LeetCode 494 Target Sum DP Solution

Staring down an array of numbers, target in sight: how many ways to + or - them to hit it? LeetCode 494's answer lies in a slick DP transform that's pure coding poetry.

theAIcatchup 4 min read
LeetCode 494's Target Sum: The DP Magic That Turns Chaos into Counts — theAIcatchup

Key Takeaways

  • Transform Target Sum to subset sum: P = (total + S)/2 unlocks DP magic.
  • Backward loop in DP prevents reuse — key to correctness.
  • Visual tracers like TraceLit build intuition beyond rote solving.

Juggling pluses and minuses under fluorescent office lights, fingers flying across the keyboard as the clock ticks toward interview doom.

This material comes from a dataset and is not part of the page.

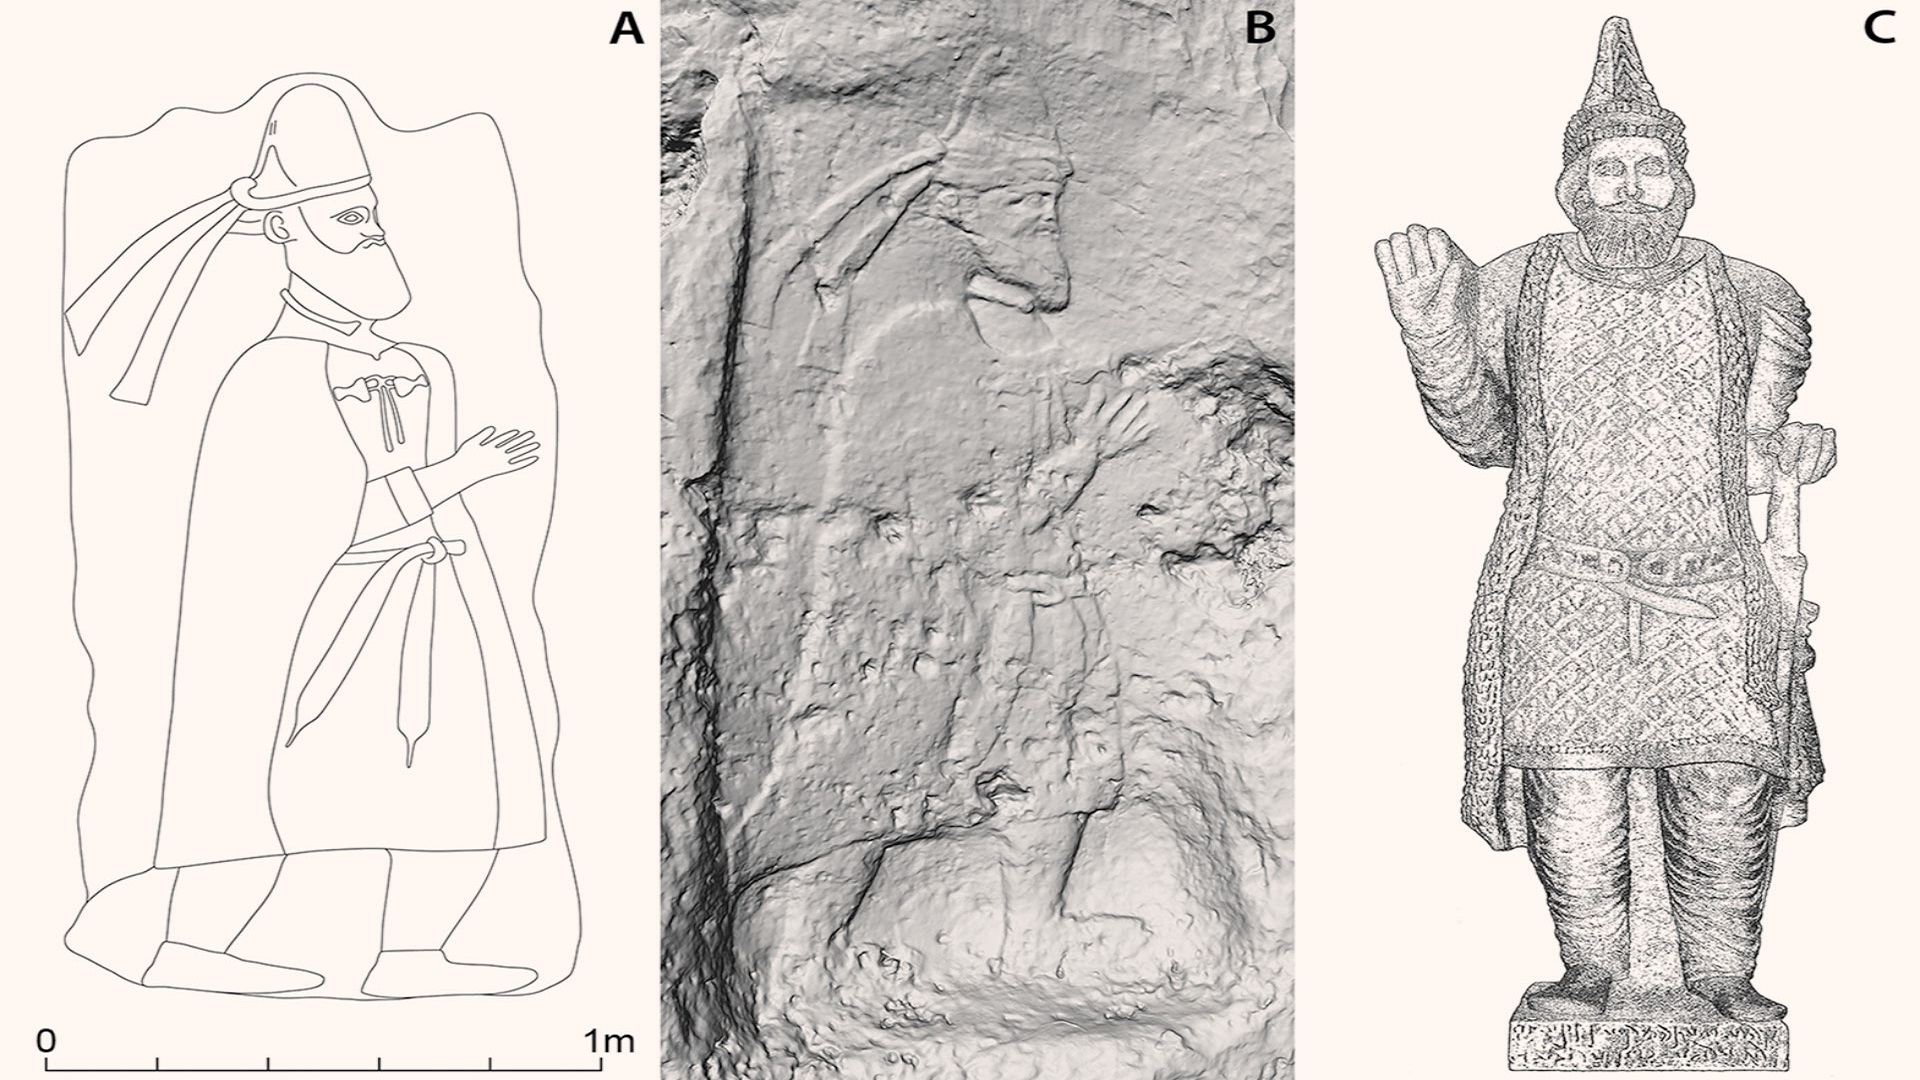 Merquly rock-relief (A), Rabana rock-relief (B), the statue from Hatra of King ’tlw/Attalos of Adiabene (C). Image credit: Michael Brown / Rabana-Merquly Archaeological Project.

LeetCode 494 Target Sum. That’s the beast we’re taming today — this notorious problem where you’ve got an array of integers, nums, and a target S, and you need to slap + or - on each one so the whole mess sums to S. Number of ways? Not just yes or no. Ways.

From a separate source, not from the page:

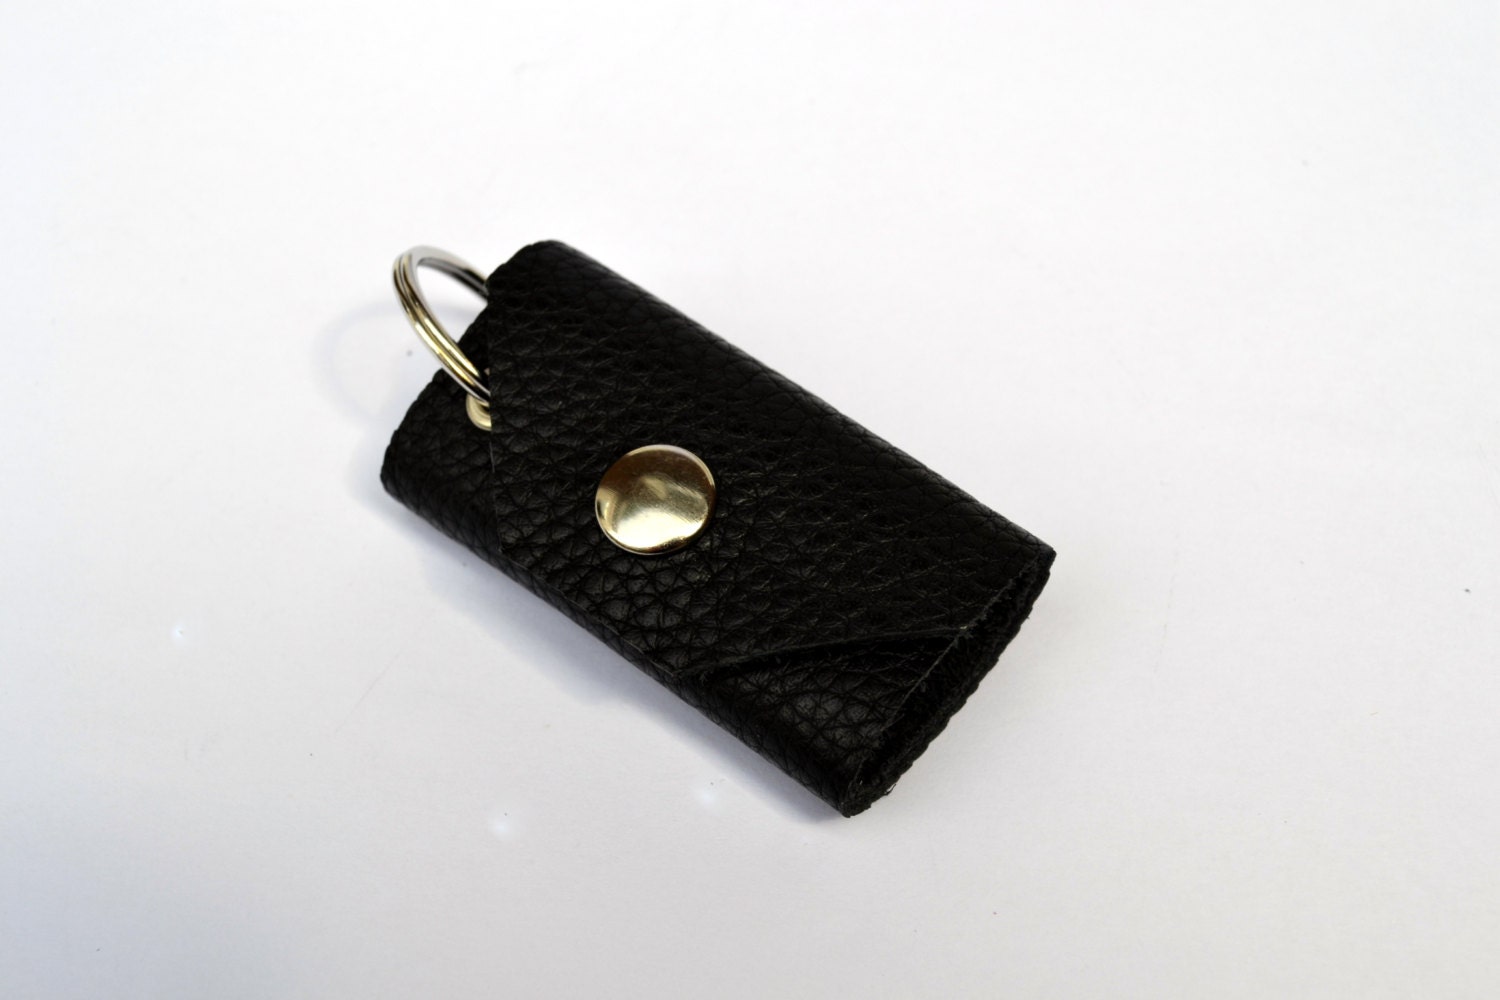 Black Leather Case / Keychain for Loyalty Shopping Cards - Etsy

Brutal at first glance. Backtracking screams temptation — try every combo, recurse like mad. But n up to 1000? Forget it, exponential nightmare.

Here’s the genius pivot.

Given an integer array nums and a target integer, find the number of ways to assign ‘+’ or ‘-’ signs to each element so that the sum equals the target.

See, let P be the sum of elements with +, N with -. P + N = total_sum, P - N = S. Boom: 2P = total_sum + S. So P = (total_sum + S)/2. Now it’s subset sum: how many subsets hit exactly P? Classic.

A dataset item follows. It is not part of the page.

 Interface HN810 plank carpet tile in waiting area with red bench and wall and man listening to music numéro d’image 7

And if total_sum < |S| or (total_sum + S) odd? Zero ways. Early exit, smart.

Why LeetCode 494 Feels Like a Knapsack Heist from the ’70s

Dynamic programming swoops in — 1D array, dp[i] = ways to make sum i.

Start dp[0] = 1. Empty subset.

For each num, loop backward from target to num: dp[i] += dp[i - num]. Avoids double-counting same num, like filling a backpack without reusing gold bars.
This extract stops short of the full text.